3 The statutes and regulations pertaining to DIB are found at 42 U.S.C. § 423, et seq., and 20 C.F.R. pt. 404. The statutes and regulations pertaining to SSI are found at 42 U.S.C. §§ 1382 and 1382c, et seq., and 20 C.F.R. pt. 416. As is relevant to this case, the DIB and SSI statutes and regulations are identical. Furthermore, 20 C.F.R. § 416.925 detailing medical considerations relevant to an SSI claim, relies on 20 C.F.R. Pt. 404, Subpt. P, of the DIB regulations. Most citations herein are to the DIB regulations out of convenience. claimant is not disabled regardless of their medical condition, their age, education, and work experience. Id. at § 416.920(a)(4)(i), (b). If the answer is no, and the individual is not

engaged in SGA, the analysis proceeds to question two. Id. at § 416.920(a)(4). At question two, the ALJ considers whether the claimant has a medically determinable physical or mental impairment, or a combination of impairments, that is “severe” and expected to persist for at least twelve months? 20 C.F.R. § 416.920(a)(4)(ii), 416.909. If the answer is no, then the claimant is not disabled. Id. at § 416.920(c). If the answer is yes, the analysis proceeds to question three. Id. at § 416.920(a)(4).

At question three, the ALJ must determine whether the claimant’s severe impairments, singly or in combination, meet the requirements of any of the “listed impairments” enumerated in the regulations. 20 C.F.R. § 416.920(a)(4)(iii). See also 20 C.F.R. Pt. 404, Subpt. P, Appendix 1. (list of impairments). A claimant who meets the requirements of a “listed impairment” is deemed disabled. 20 C.F.R. § 416.920(d). For

claimants who do not meet the requirements of a “listed impairment,” the ALJ must then determine the claimant’s residual functional capacity (“RFC”). Id. at § 416.920(e). A claimant’s RFC is simply the most the claimant can still do despite their functional limitations and restrictions caused by their physical or mental impairments. 20 C.F.R. § 404.1545(a)(1).

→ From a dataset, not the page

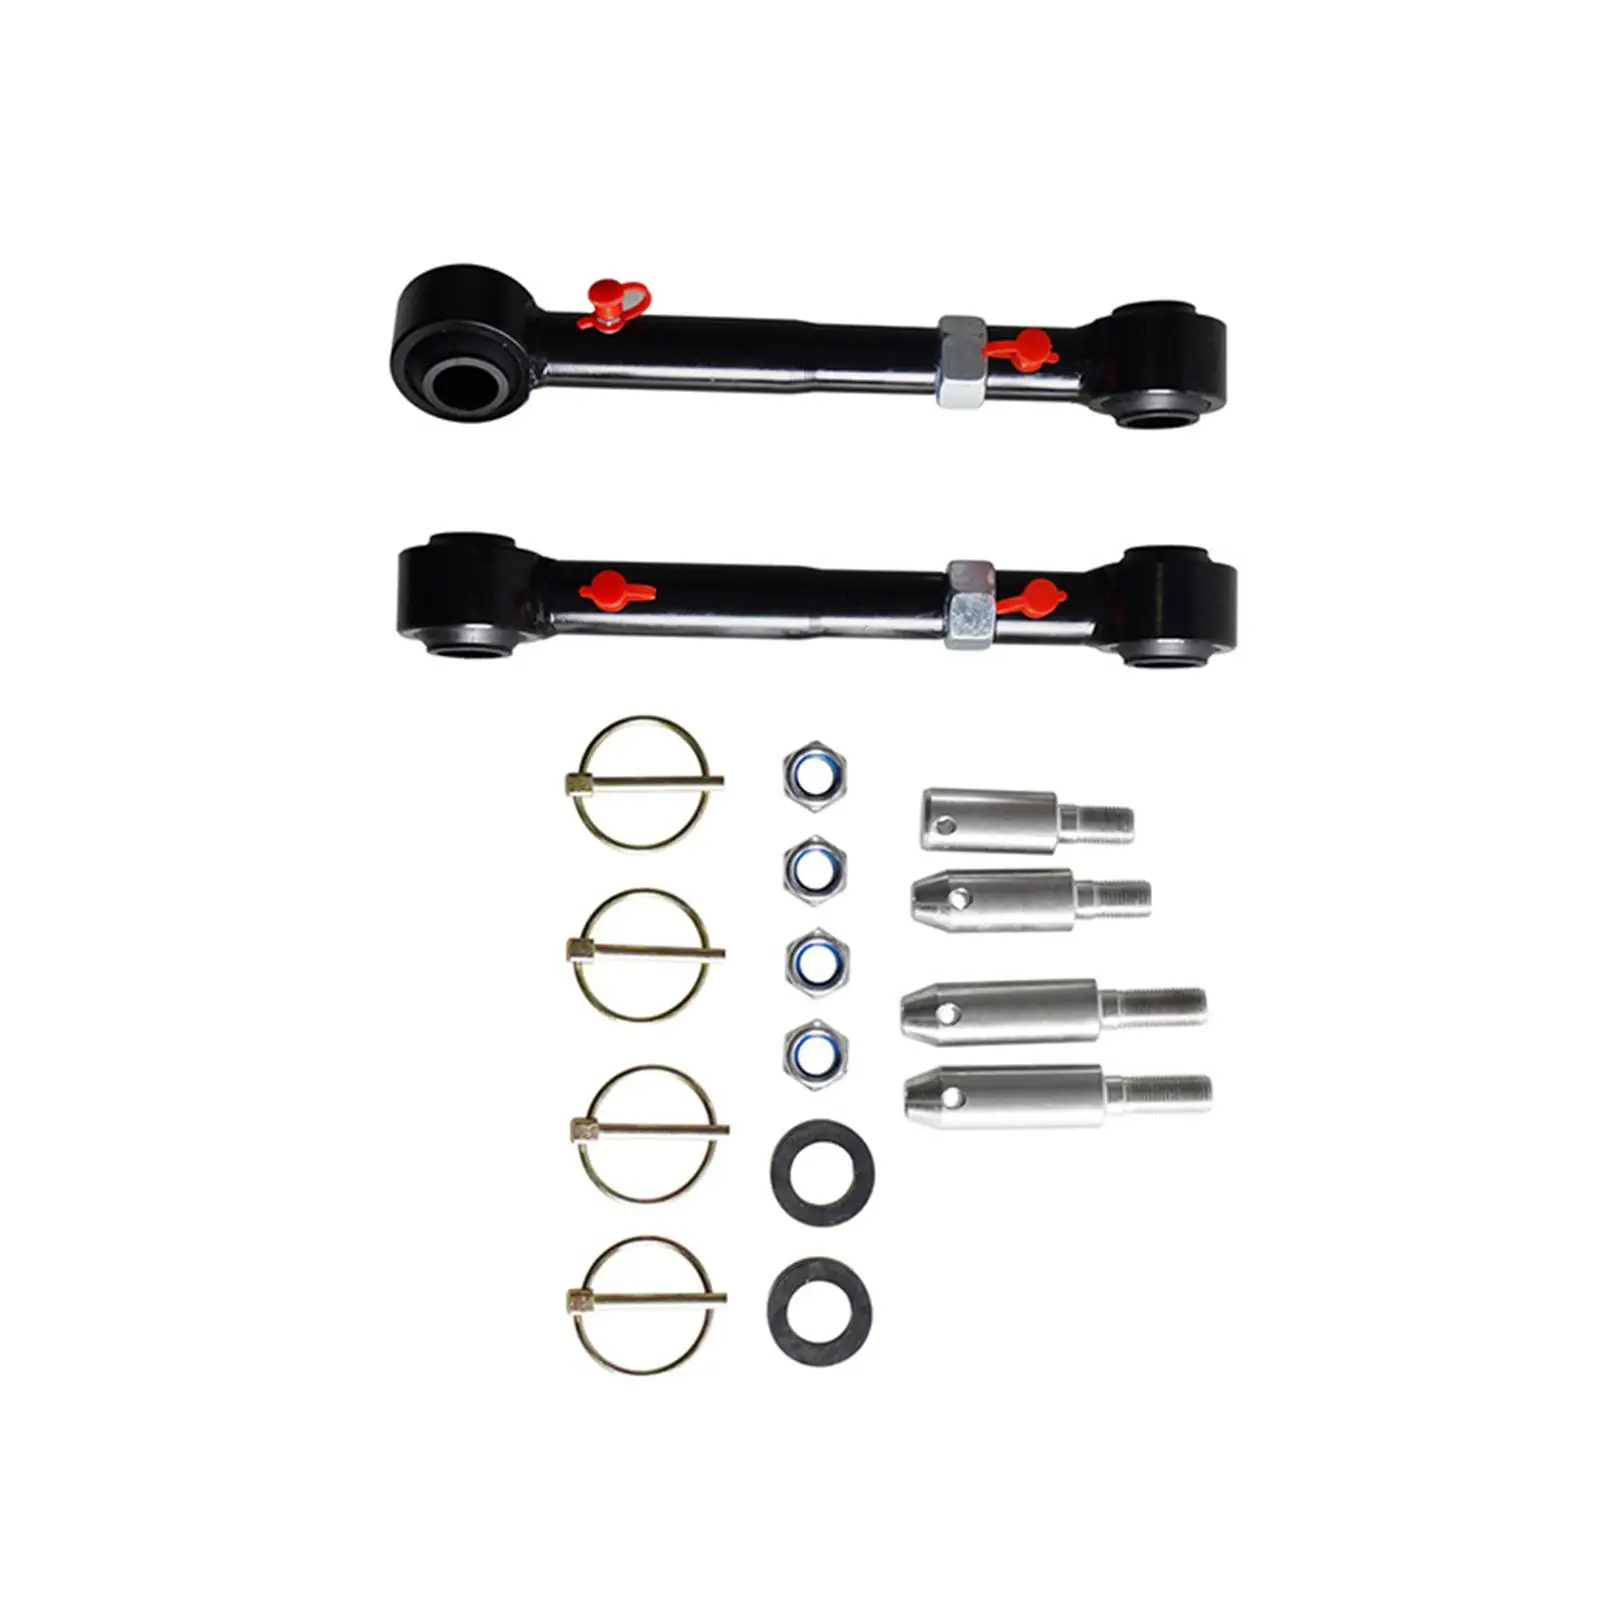 Front Swaybar Quicker Disconnect System Replaces for JK 2007-2018

Then at step four, the ALJ must determine whether the claimant retains the RFC to continue performing their past work. 20 C.F.R. § 416.920(a)(4)(iv). If the answer is yes, then the claimant is not disabled. Id. at § 416.920(a)(4)(iv), (f). If the answer is no, the analysis proceeds to the fifth and final step, where the burden shifts to the commissioner to show whether, based on the claimant’s RFC, there are sufficient numbers of other jobs in the local or national economy that the claimant can perform. Id. at § 416.920(a)(4)(v). If

the answer is yes, then the claimant is not disabled. Id. at § 416.920(g). If the answer is no, the claimant is found disabled. Id. It is important to recognize that the scope of judicial review is limited. “The findings of the Commissioner of Social Security as to any fact, if supported by substantial evidence, shall be conclusive . . . .” 42 U.S.C. § 405(g). Thus, this Court must determine not whether Plaintiff was, in fact, disabled at the relevant time, but whether the ALJ’s

findings were supported by substantial evidence and whether any errors of law were made. Lopez ex rel. Lopez v. Barnhart, 336 F.3d 535, 539 (7th Cir. 2003).